The commission said nuclear operators would need to describe what would happen if their reactors lost power for “several days” and what measures were in place if primary back up systems powered by batteries also failed.

The tests would include a review of containment systems to ensure they could withstand an air crash or the explosion of a nearby oil tanker, whether as a result of an accident or a terror attack. The tests would also seek to ascertain whether there were adequate systems to put out any resulting fire from explosions occurring near nuclear power plants.

E.U. authorities still need to set a schedule for checking whether reactors could withstand a wider range of terror attacks, possibly including cyber attacks. Those tests are far more sensitive because governments want to avoid revealing any vulnerabilities of their reactors.

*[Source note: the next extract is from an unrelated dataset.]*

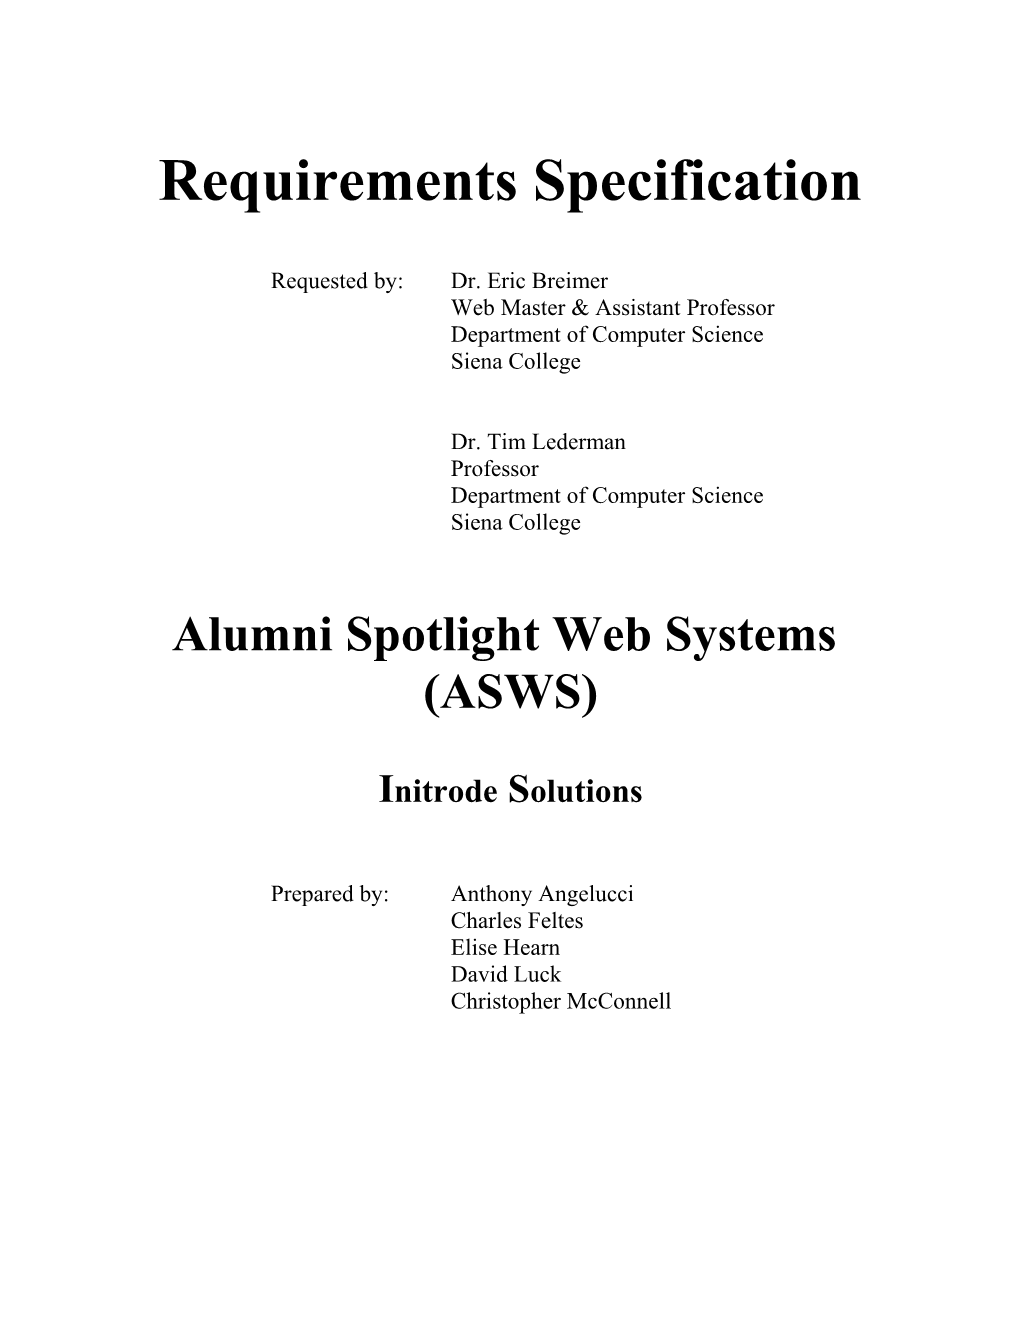 Alumni Spotlight Web Systems - Requirements Specification

The commission said that reactors failing the tests should be shut down and decommissioned if safety upgrades were too difficult or too expensive. But it acknowledged that it had no authority to order such shutdowns.

The European Commission said national operators and regulators had agreed to make their findings public, despite initial concerns in Paris and London that publishing certain information might encourage attacks. Governments would present a final report on the tests at the end of year.